It is suggested you do not read this chapter if you have not read the previous books in The Silk & Steel Saga


     Quintus locked the door to the healery and then shuttered the windows. For the longest time, he sat at the desk, fondling the quill, considering his words. The message needed to be short but effective. Only a few words, yet somehow he needed to make them believe. Candles melted to stubs, the pale wax puddling on his cluttered desk. With shaking hands, he wrote the coded message: Castlegard's mage-stone walls are scarred by a wagon's wheel. The single sentence terrified him, as if the very fabric of the world was coming unraveled. Mage-stone was thought to be everlasting, impervious to the ravages of time, weather, and war; yet a wagon's axle had marred the great castle's walls. He'd seen it with his own eyes, felt the scar with his own trembling fingers, yet he still did not believe it. Quintus prayed the masters in the monastery would heed his warning despite the lunacy of the message. Staring at the vellum, he decided to add one last word, a heartfelt plea. Help was the first word that came to mind, but instead he wrote, Advise! 
     Rolling the thin vellum strip into a tight scroll, he slipped it into a tube carved from bone and affixed it to the jessed leg of his frost owl. "Easy, Snowman." Tossing tidbits of chicken liver to the great white raptor, he pulled on a leather falconry glove. "Come." 
     White wings bated the air in a silent rush. The great owl alit on his raised glove, eager for another tidbit. Knowing the owl had far to fly, Quintus was generous with the liver. 
Bracing his arm against the weight, he carried Snowman out into the castle's main courtyard. The night was cold and crisp, the north still bound by winter's lingering grasp. A half moon rode low in the cloudless night, providing just enough light to burnish Castlegard's stalwart ramparts to a glorious silver. The healer grimaced, knowing the traitorous truth. The great mage-stone walls were not as stalwart as they appeared. 
     Perhaps the malady can be cured. 
     He did not know where the thought came from, but he clung to it, praying the monastery knew the remedy. All the more reason to send his message. 

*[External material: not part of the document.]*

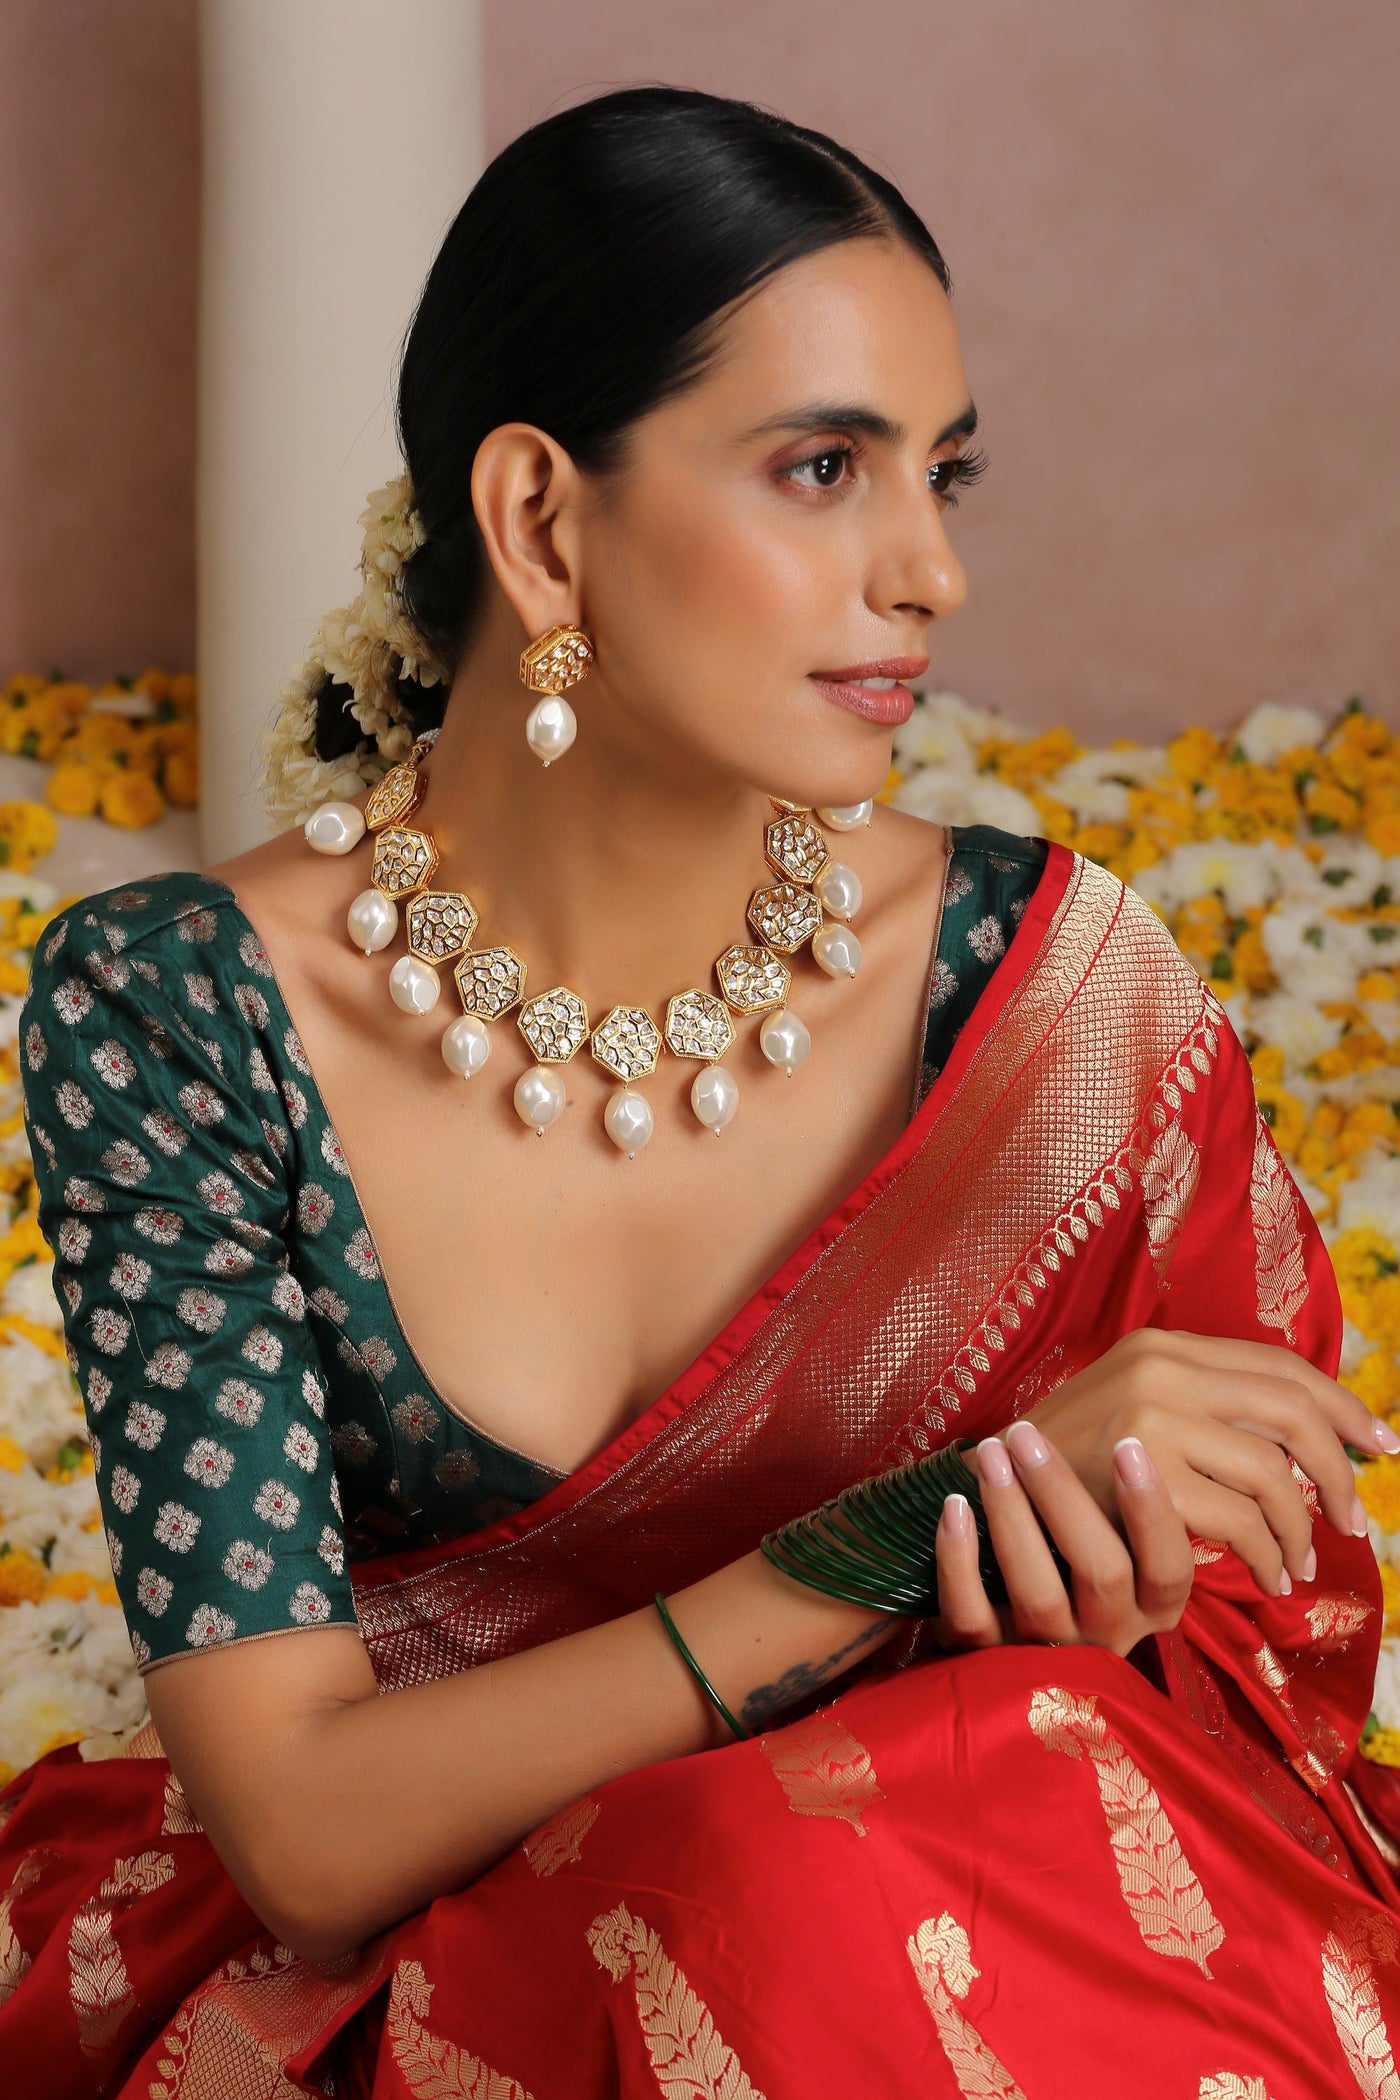 Omaani Gold Plated Kundan and Pearl Necklace Set

     Pausing at the corner, he glanced left and right, relieved to find the courtyard empty. The moon's position marked the hour as midnight, when sleep held sway and only a few guards walked the walls. Checking to make sure the message tube was secure, he fed the owl one last bite. "Fly home, Snowman. Fly home and fly fast and return with the answer to this dire riddle." With a grunt, he hefted the great owl aloft. White wings snapped open, beating the air. With a hunter's stealthy silence, the great owl gained height, soaring over the castle walls like a silvery ghost. The healer's gaze followed the owl south, his words a whispered prayer. "Hurry home, Snowman, and bring me the answers I need." 

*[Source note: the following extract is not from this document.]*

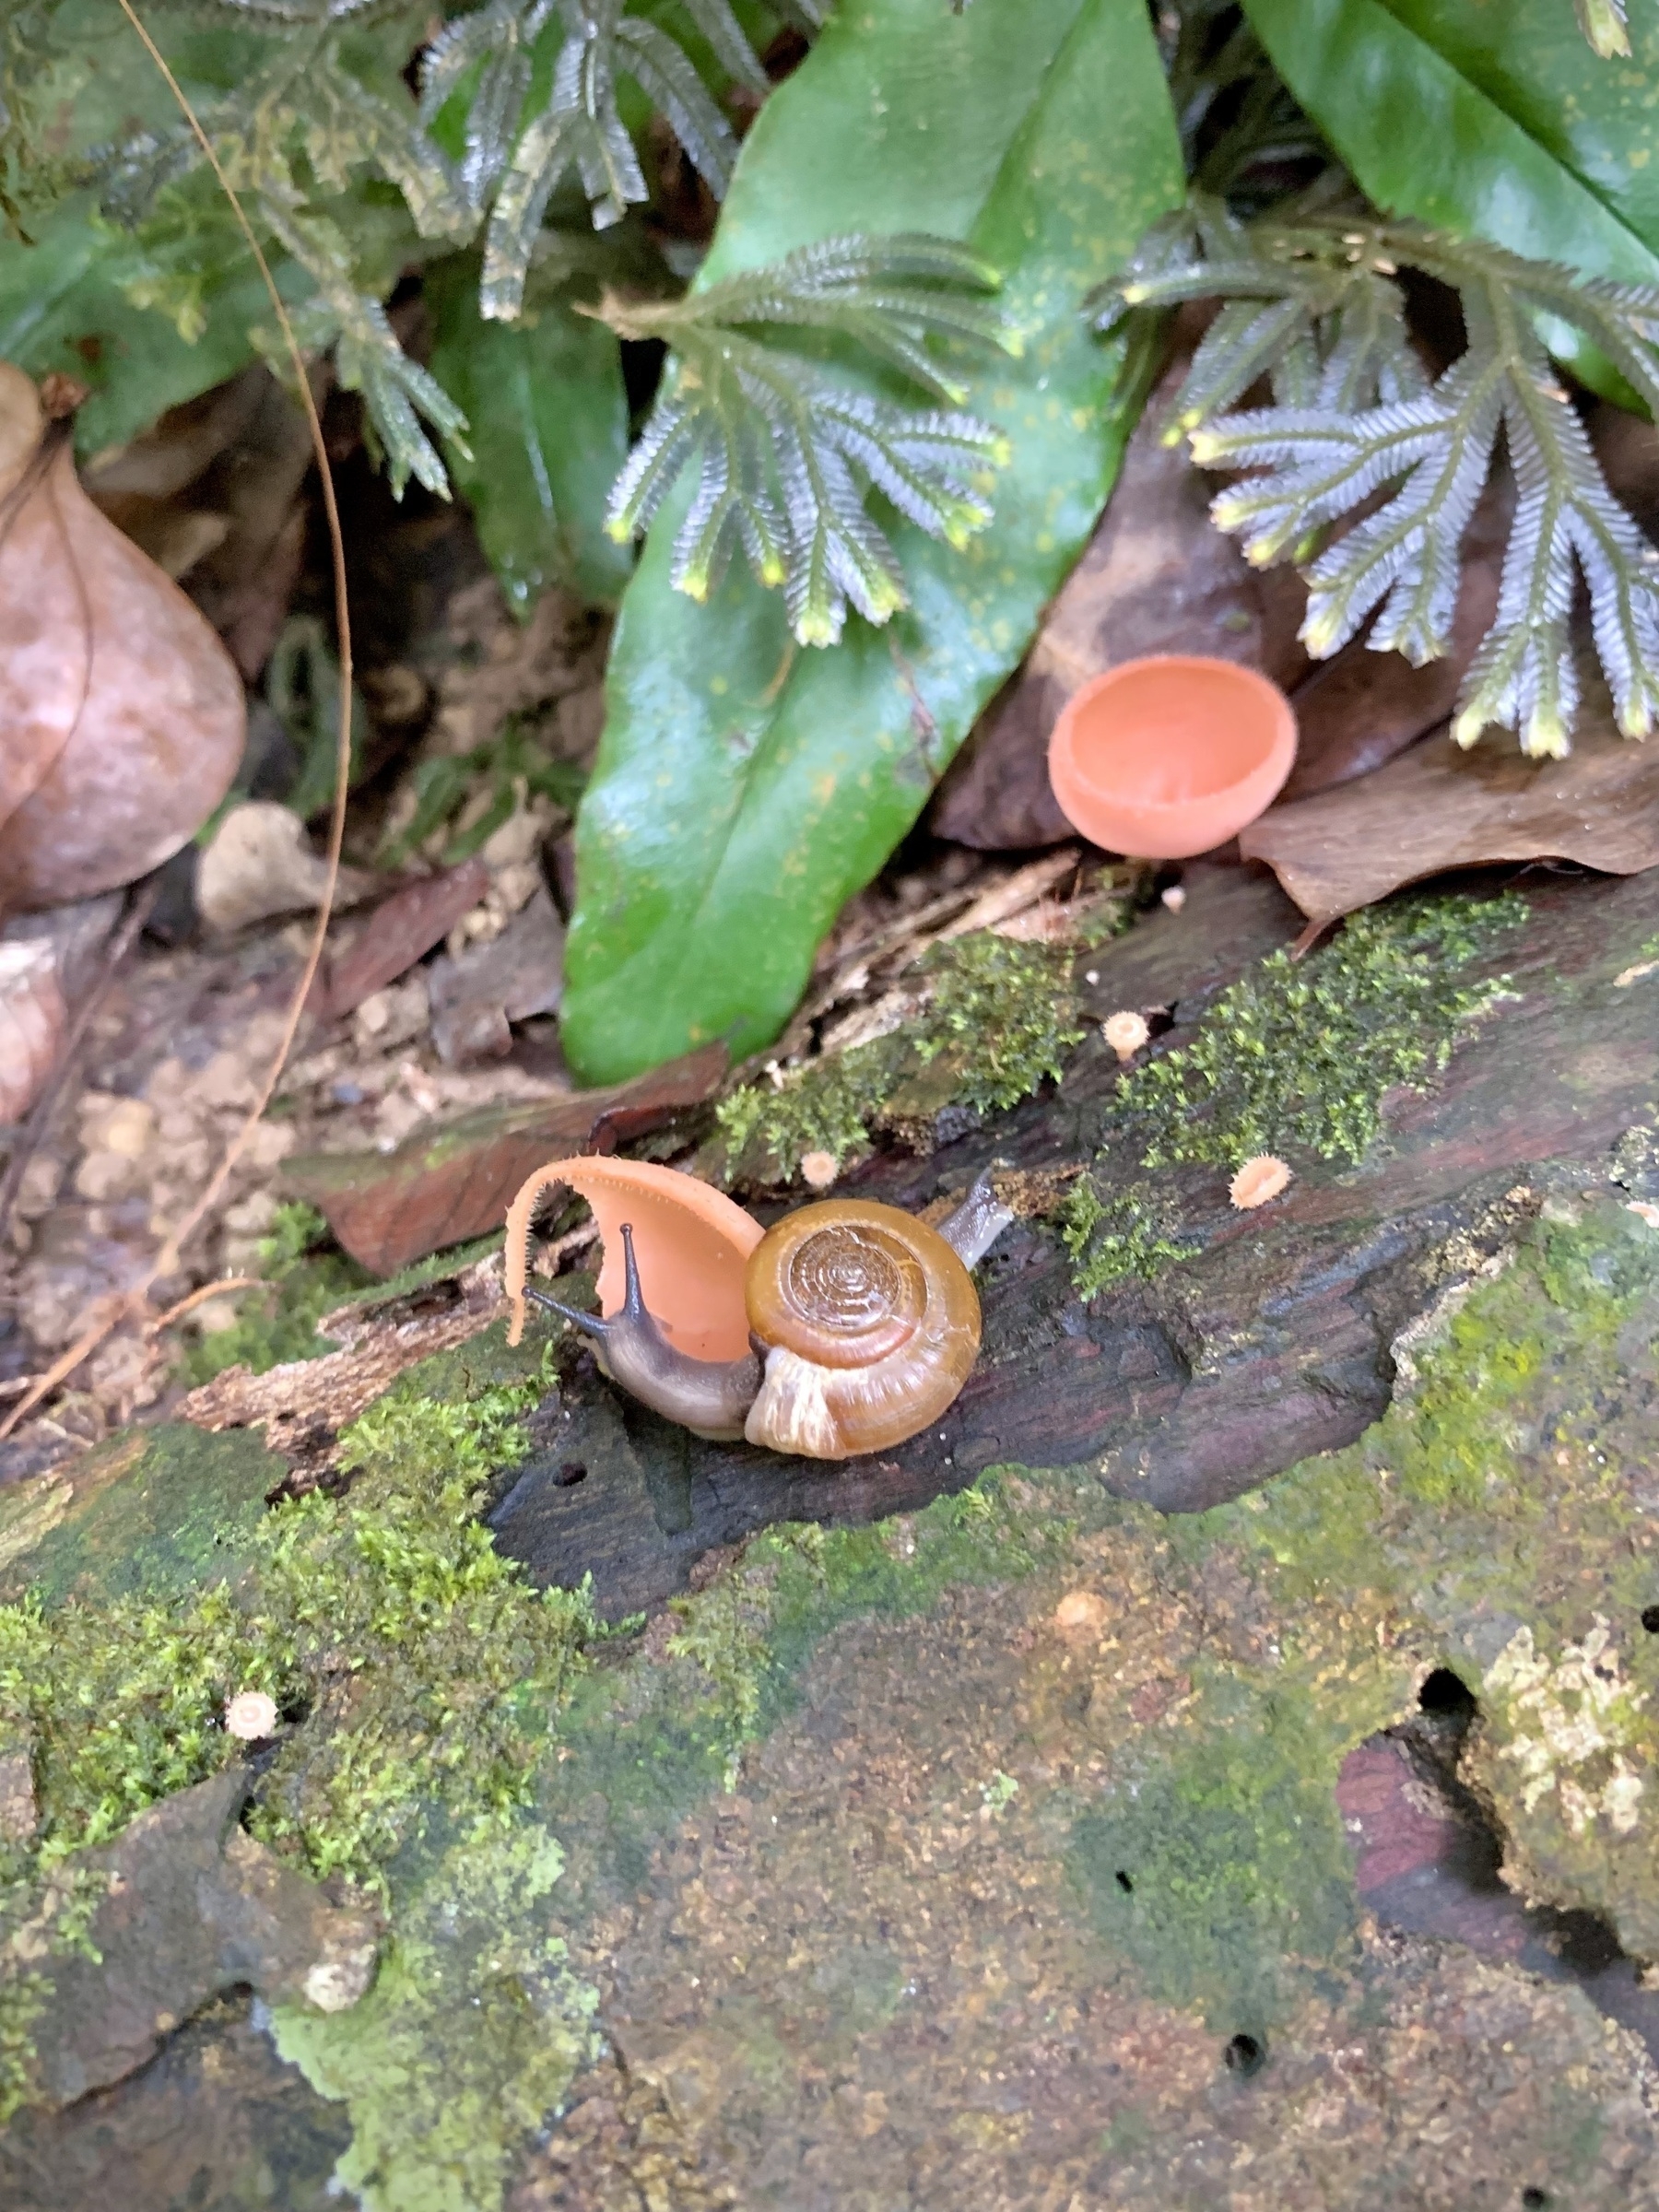 A snail is on a piece of log, eating a mushroom growing on the log

     "Home? Where is home if not Castlegard?" 
     Startled, Quintus cursed himself for his carelessness. Turning, he found Otto, the master swordsmith, striding towards him. "You're late to be out."
     Tall and bald and layered with bulging muscles, the big smith prowled across the courtyard like a winter-starved bear. "I've a smelt of iron ore that needs watching. What's your excuse?" 
     Quintus shrugged. "My frost owl hunts best at night."
     "Yet you told the owl to fly home. Where's home if not Castlegard?" 
     He stared at the smith, a plea in his gaze, for he could not answer the question without imperiling his purpose.
     "We're at war, healer, and an owl might be hunting...or it might be carrying a message of betrayal." The big smith moved close, his hands balled into massive fists, a rumble of threat in his gravelly voice. "So, I'll ask you again, where is home?" 
     A trickle of sweat rolled down the healer's back despite the cold. Secrets he could keep, but lies always tripped on his tongue. Quintus paled beneath the smith's iron-hard gaze. Realizing he'd get no reprieve, he made a decision. "Come, I need to show you something." 
     "Show me something?" Suspicion rode the smith's voice.
     "Just come. I need to show someone and it might as well be you." 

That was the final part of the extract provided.